To analyze the dilated triangle \( \Delta A'B'C' \) produced from \( \Delta ABC \) (which is a right triangle), we need to apply the properties of dilation.
Given:
- The original triangle \( \Delta ABC \) is right-angled at \( B \) with:
- \( AB = 3 \) units,
- \( BC = 4 \) units,
- The hypotenuse \( AC = 5 \) units,
- The angles are \( m\angle A = 37^\circ \), \( m\angle B = 90^\circ \), and \( m\angle C = 53^\circ \).
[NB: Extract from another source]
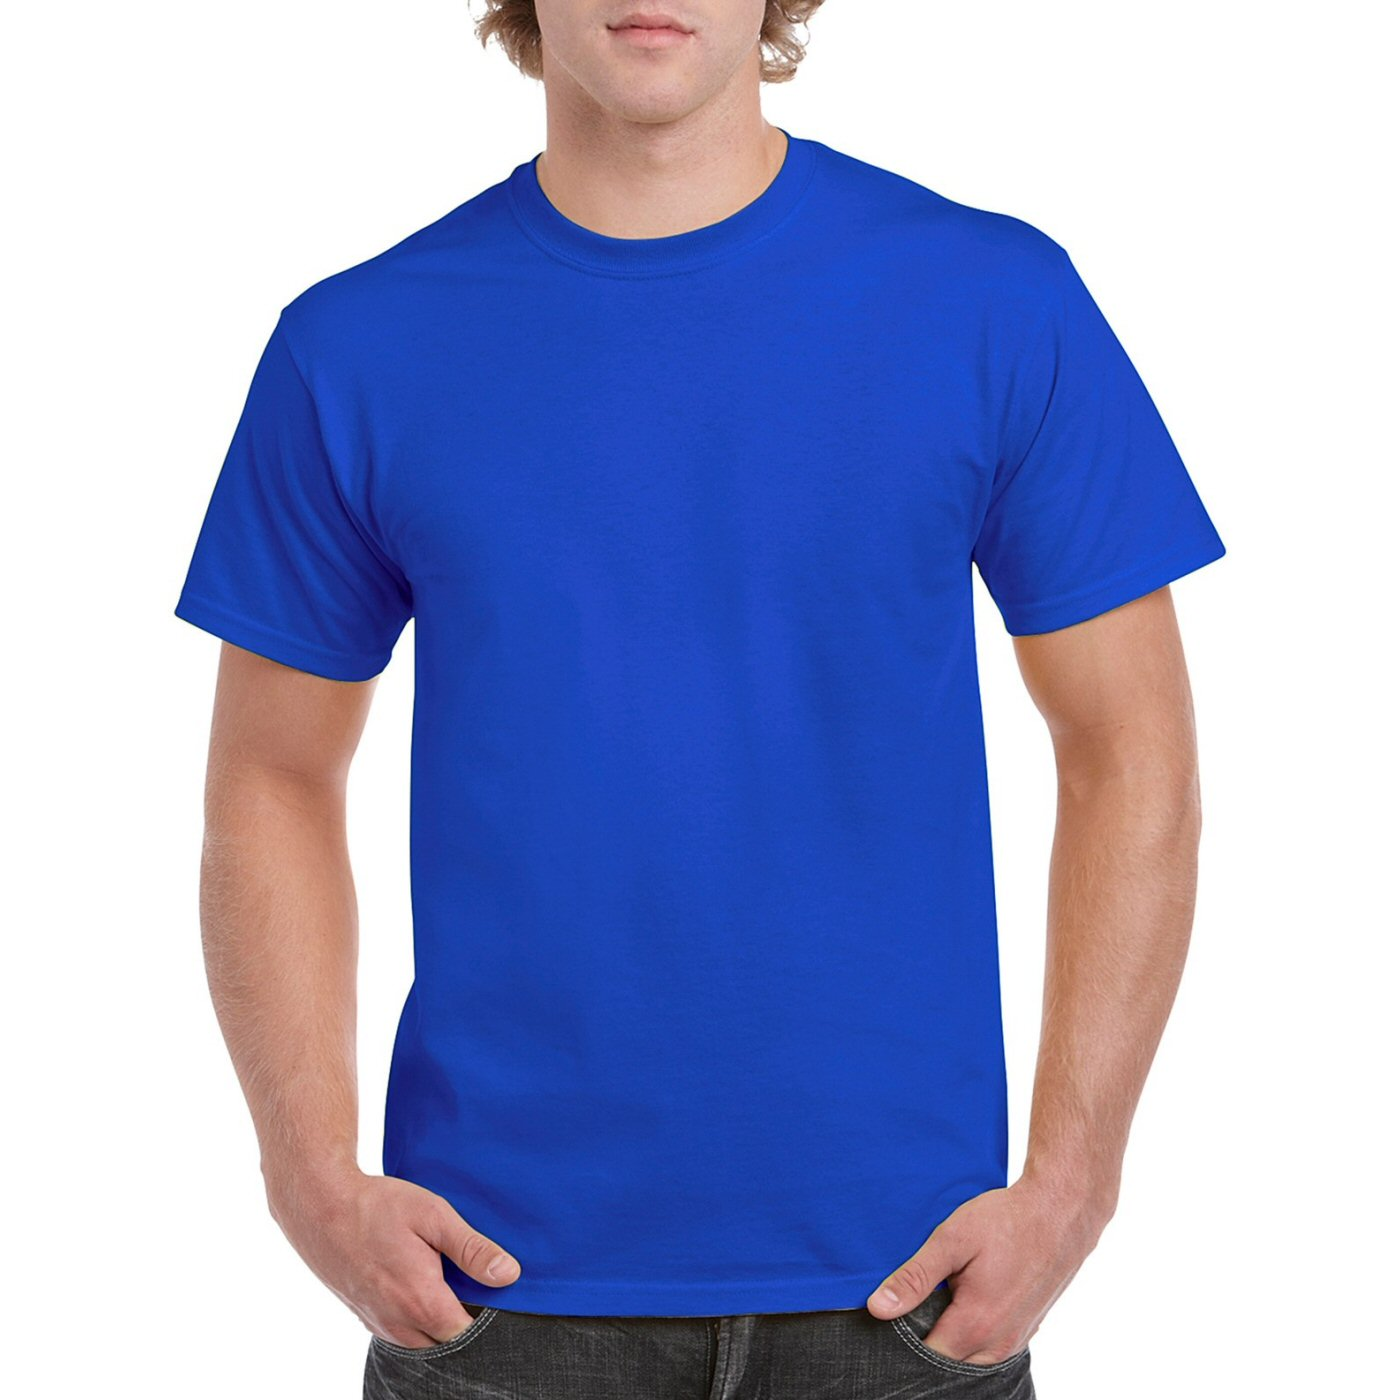 2019 wholesale price exclusive deals rich and magnificent Royal Blue Plain Round Neck T-shirt

When a figure is dilated by a factor of \( k \), each side length is multiplied by \( k \), and the angles remain unchanged.
Since the triangle is dilated by a factor of \( 2 \):
- The new side lengths will be:
- \( A'B' = 2 \times AB = 2 \times 3 = 6 \) units
- \( B'C' = 2 \times BC = 2 \times 4 = 8 \) units
- \( A'C' = 2 \times AC = 2 \times 5 = 10 \) units
The angles remain the same:
- \( m\angle A' = m\angle A = 37^\circ \)
- \( m\angle B' = m\angle B = 90^\circ \)
- \( m\angle C' = m\angle C = 53^\circ \)
Now let's evaluate the statements:
A. B'C' = 6 units
This statement is not true because \( B'C' = 8 \) units, not 6.
B. m∠C' = 53°
This statement is true as angles remain the same under dilation.
C. A'C' = 10 units
This statement is also true because \( A'C' \) is \( 10 \) units.
D. m∠A' = 74°
This statement is not true since \( m\angle A' = 37^\circ \).
The incorrect statements are A and D. However, since A is specifically focused on the calculated length and D is about angle measurement (which should not change), the best pick here is that statement A is definitely incorrect.
So, the answer is: A. B'C' = 6 units is not true.